Most hash table implementations guarantee O(1) average case but O(n) maximum case for lookup (where 'n' is the number of keys in the table). But Cuckoo Hashing is described as O(1) maximum. Apparently it achieves this by using two hash functions, and if it gets a collision with one, it uses the alternative one. If it gets collisions with both, it first tries to shuffle items around to make space, but if there are three keys that all hash to the same value with both hash functions, this will fail.
As I understand it, the next approach is to change the hash functions.
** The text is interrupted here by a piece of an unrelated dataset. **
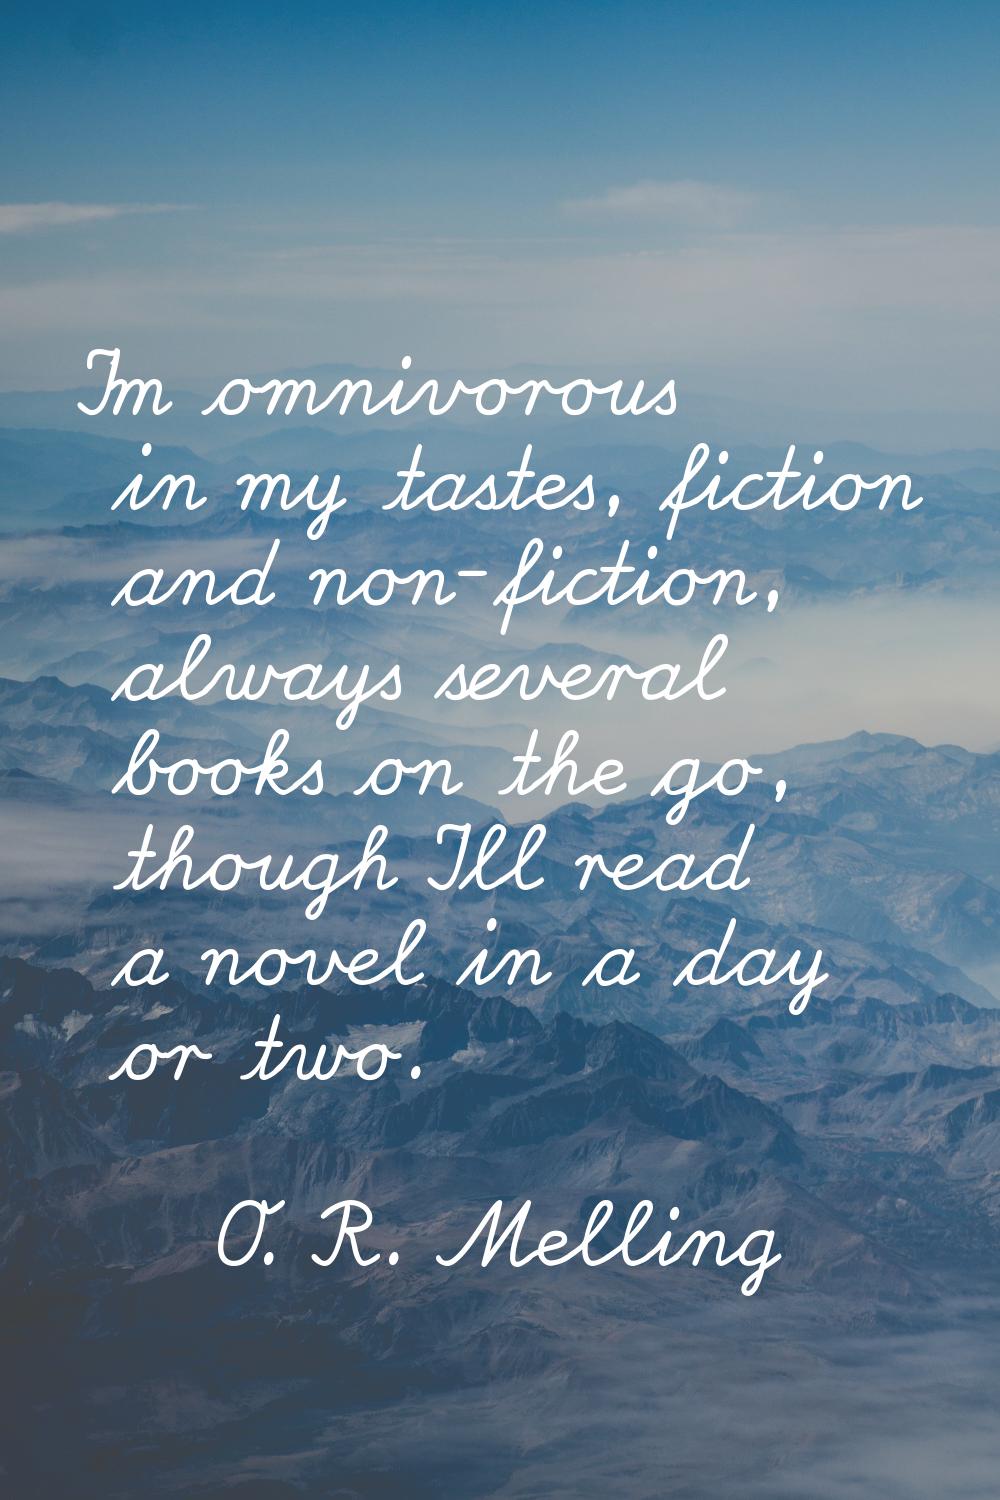 I'm omnivorous in my tastes, fiction and non-fiction, always several books on the go, though I'll r

In a type-generic implementation (e.g. this Haskell implementation) the obvious way to do this is to provide an interface that allows a family of hash functions to provided, in this case the
Hashable typeclass, which contains a function
hashWithSalt :: Int -> a -> Int (where
a is the type being hashed). However, this only provides a single
Int parameter and a single
Int output, which is 32-bits * 2 = 64 bits of possible hash and salt, therefore with any values containing more data than 65 bits there will still be potential items which always collide. In a theoretical worst case (e.g. as generated using this code which certainly seems to show O(1) lookup times at least for n <= 50 -- above that, insertion time becomes problematically large for some reason) there could be 'n' items that all collide with all potential hashing functions.
How, therefore, is it possible that the maximum complexity of lookup is O(1)? Is there some implementation trick I haven't grasped that avoids this problem?